契約不適合責任

方法として、
瑕疵担保責任(請負契約)に基づく瑕疵修補又は損害賠償(旧民634条)は、債権法改正により実質削除。
売買の準用でカバーできるため請負人の担保責任は、通常の債務不履行責任と同質となる。
追完請求・代金減額請求が加わる。
「瑕疵」は、「契約不適合」に用語が改められる。

一方、
不法行為に基づく損害賠償請求によるかの判断は「建物としての基本的な安全性を損なう瑕疵」を検討。

最判平成19年7月6日民集61巻5号1769頁
最判平成23年7月21日民集237号293頁

設計者、施工者及び工事監理者は、建物の基本的な安全性が欠けないよう配慮する義務を負う。
区分所有者に限らず、契約関係にない居住者等に対しても同様。
さらに、「建物に基本的な安全性を損なう瑕疵」がある場合、不法行為責任が成立。

「建物としての基本的な安全性を損なう瑕疵」は、現実的に危険な場合に限らない。
放置すれは居住者等の生命・身体・財産に対する危険が現実化する場合、「建物としての基本的な安全性を損なう瑕疵」に該当。
構造耐力上の瑕疵に限らない。

例えば、
外壁が剥落して通行人にあたる
開口部・ベランダ・階段の瑕疵により建物の利用者が転落
漏水・有害物質の発生により建物利用者の健康財産を損なう危険

建物の美観・居住者の居住環境の快適さを損なうにとどまる瑕疵は、「建物に基本的な安全性を損なう瑕疵」に該当しない。

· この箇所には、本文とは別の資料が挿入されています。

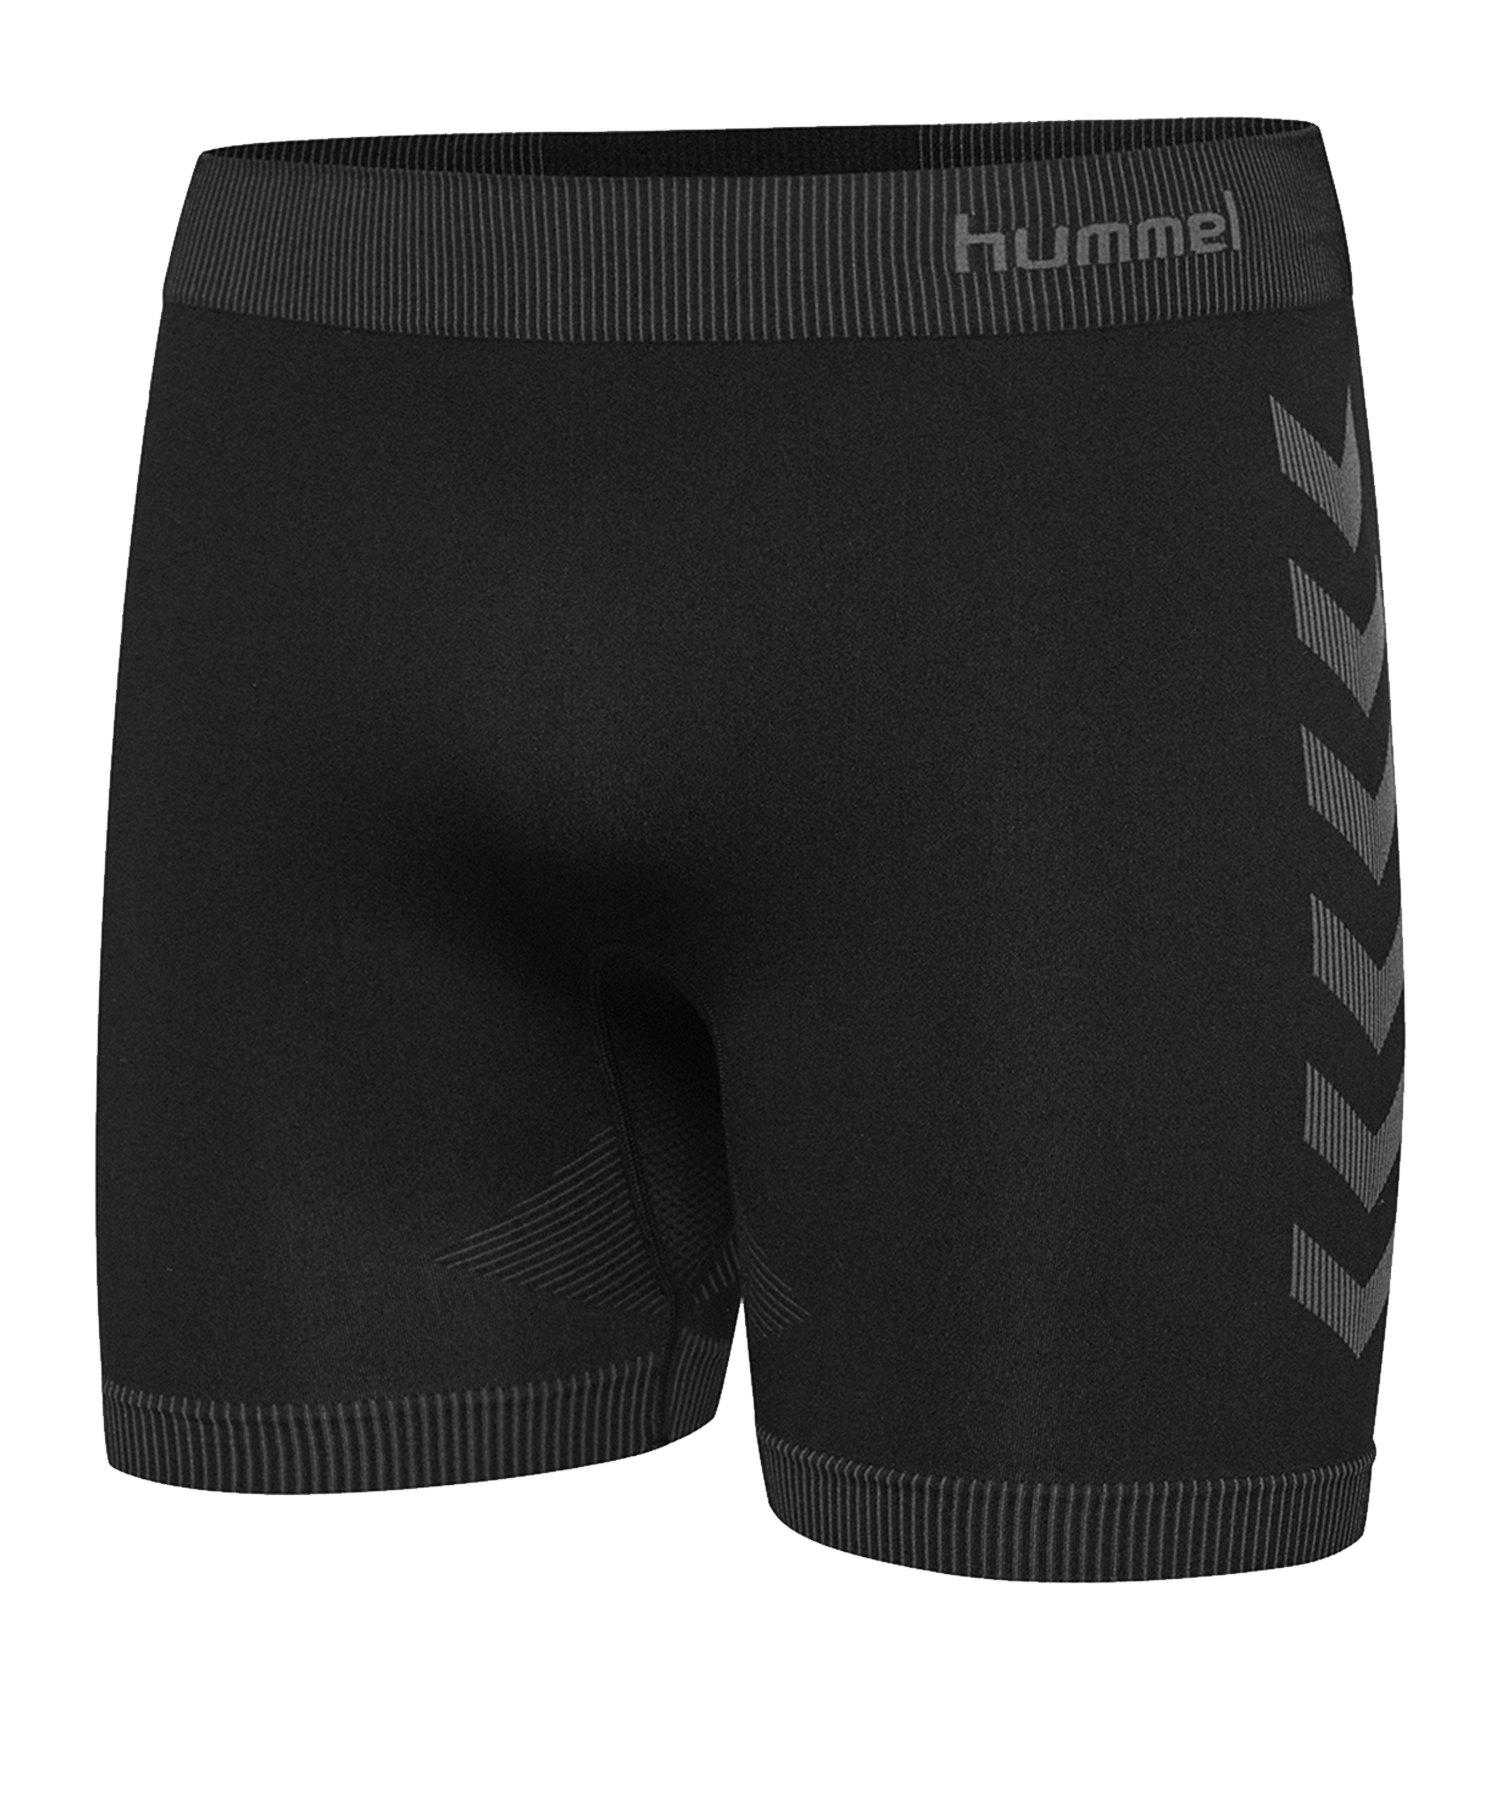 Hummel First Seamless Short Schwarz F2001 - schwarz
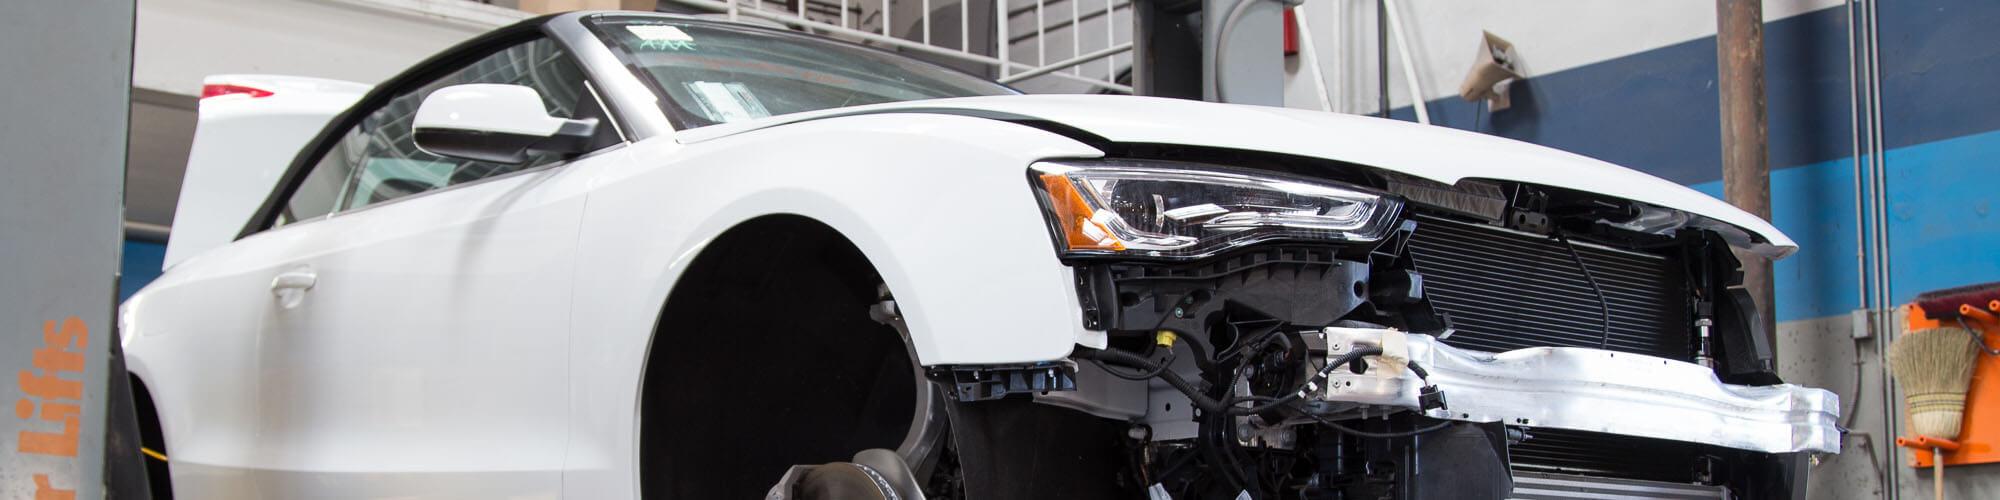 Amatos Auto Body Factory Authorized Certified San Diego Audi S - Audi auto body

構造耐力に関わる瑕疵は、建物建築中から留意する必要がある。
建物の構造耐力に関わらない瑕疵も含むので、構造図の調査のみでは不足。

長期修繕計画作成は、新築マンションの場合、設計図書、工事請負契約書による請負代金内訳書及び数量計算書等を参考にする。
既存マンションの場合、保管されている設計図書のほか、修繕の履歴、劣化状況の調査・診断の結果に基づいて、計画期間の推定修繕工事の内容、時期、概算の費用等に関し計画を定める。
マンション販売時・分譲会社からの設計図書の引渡しは、平成13年から義務化。

長期修繕計画の見直しは、設計図書、修繕履歴の資料調査、現地調査、必要により区分所有者に対するアンケート調査を行い、建物及び設備の劣化状況、区分所有者の要望の現状を把握し作成する。